In 2019 in the sport of athletics, the foremost 100 metres races were held at the 2019 World Athletics Championships. In the men's World Championships final the American Christian Coleman won his first world title with a time of 9.76 seconds. In the women's World Championships final Jamaica's Shelly-Ann Fraser-Pryce won her fourth world 100 m title with a time of 10.71 seconds. 

In the 2019 Diamond League global series of meetings, American Noah Lyles won the men's final and Great Britain's Dina Asher-Smith won the women's final. Regional 100 m titles decided that year included the Universiade, African Games, Pan American Games, European Games, Asian Championships, and South American Championships. The 2019 World Para Athletics Championships featured 100 m finals in 17 men's and 15 women's categories.
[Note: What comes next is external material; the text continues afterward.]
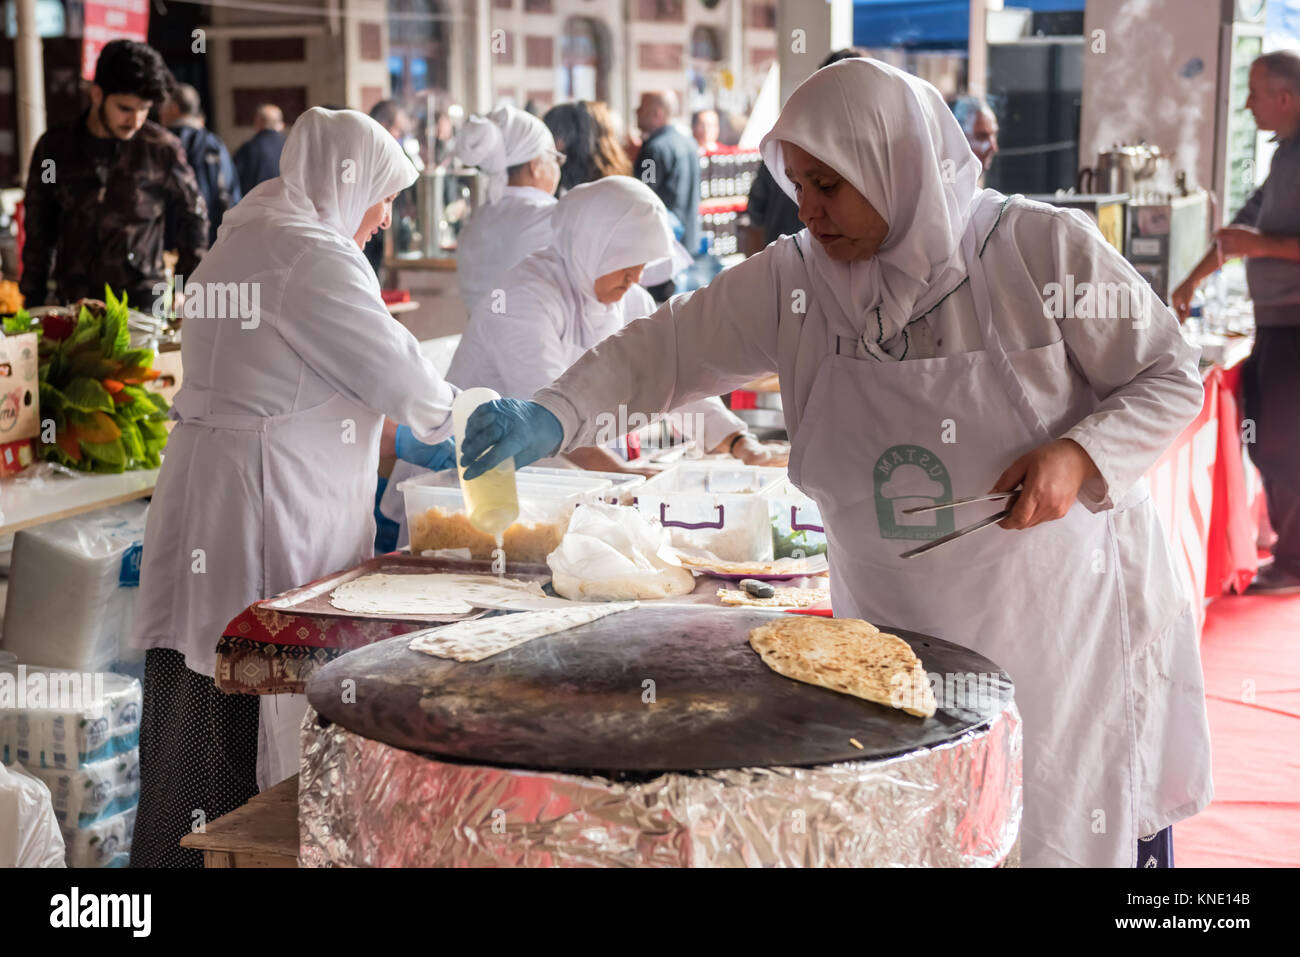 Femme non identifiée la cuisson des aliments traditionnels turcs Gozleme,pâtisseries ou crêpe, sur la cuisinière.Istanbul,Turquie,28 Octobre 2017 Banque D'Images

Both World Championships winning times were the fastest recorded in the men's and women's divisions that year. No senior world or continental records in the 100 m were beaten in 2019. Significant national records set that year included Abdul Hakim Sani Brown's run of 9.97 seconds for the men's Japanese record and Dina Asher-Smith's women's British record of 10.83.

In the under-20 age category, Lalu Muhammad Zohri was the fastest man that year with 10.03 (a senior Indonesian record) and  Sha'Carri Richardson of the United States was the fastest under-20 woman with 10.75 (a world under-20 record and third in the senior rankings). In the under-18 category, Jamaicans Briana Williams (11.02) and Conroy Jones (10.32) were the fastest that year.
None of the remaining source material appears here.